With The Avengers crossing $600 million domestically this week and surpassing the billion dollar mark worldwide (now the number three highest-grossing film of all time, behind Titanic and Avatar) you can bet your stinky ass everyone in Hollywood is running around trying to find the next superhero movie. In fact, I’d go so far as to say that any exec who wasn’t planning on it would probably get fired. So what’s next? How about everyone’s favorite comic book, The Human Fly. What? Don’t look at me like that, I know you own every issue.

A Human Fly comic, based on real-life stuntman Joe Ramacieri, was licensed and published by Marvel from 1977-1979. Over its 19-issue run and in various other Marvel comics, the Human Fly had run-ins with Spider-Man and Daredevil, among others in the Marvel stable. Alan Brewer and Steven Goldmann picked up the reverted rights on the property recently. Eisenberg-Fisher Productions, which is based on the Paramount lot, will executive produce the proposed indie, with financing said to be coming from private-equity sources. Goldmann is poised to direct. Brewer, along with James Reach, will produce. Tony Babinski, Cirque Du Soleil’s in-house historian, wrote the Montreal-based screenplay. [Deadline]

Whoa whoa whoa, time the f**k out: Cirque Du Soleil has an “in-house historian?” Screw the human fly, that’s the guy I want to see the movie about. I like to imagine him wearing glasses, sitting at his desk trying to do his research while naked gay trapeze artists fly by above him eating fire and dripping sweat and astroglide all over his priceless scrolls.”No, not my scrolls!” he’d yell.

Here’s the rundown on The Human Fly from the site the producers run:

Inspired by true events, this is the story of Joe Ramacieri and his buddies, the guys behind the quasi-legendary and mysterious 1970s figure they christened The Human Fly.

Joe’s only wish was to do something big, become famous, and never have to work in the family business, a sausage factory.

After something has become so pervasive as a euphemism, it’s weird hearing it used literally, like that a sausage factory is a real place, or that a Dutch oven is a real thing you cook with.
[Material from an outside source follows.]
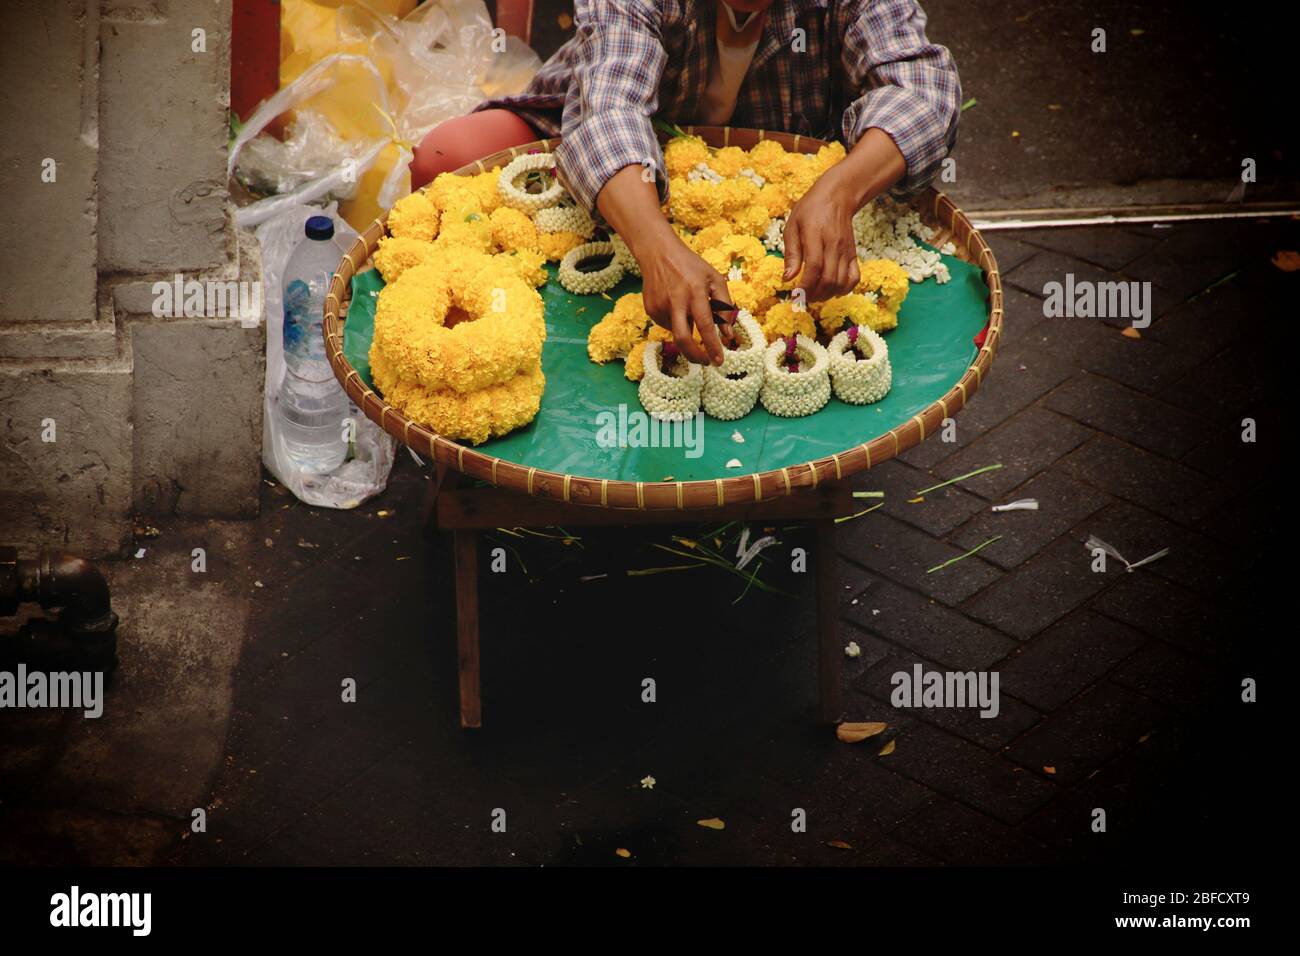 Thailändischer Straßenverkäufer, der Phuang malai oder malai verkauft, eine Blumengirlande, die für buddhistische Opfergaben und Glücksbringer in der thailändischen Kultur verwendet wird Stockfoto

I can imagine someone looking down at a recipe going “what the hell? They want me to fart on some onions?”

His life was changed forever when he met “Hollywood Ron,” whose only wish in life was to be “the greatest daredevil who ever lived.”

Yes, the Human Fly rode on the back of jet planes, and attempted to beat Evel Knieval’s record by jumping over 27 school buses at Montreal’s Olympic Stadium, became the star of his own Marvel comics series, and a man celebrated on television and in print who rubbed shoulders with the great and not-so-great. Ultimately the man beneath the mask was more nuts then [sic] sane, more con man than stuntman… an accident waiting to happen. Unfortunately for Joe it was all on his dime.

The Human Fly is a colorful and boisterously comic look at group of guys who just want to be famous for something and how they set out to do it.

Well that explains it. If he wore tights and fought aliens, you can bet Marvel would still own the rights.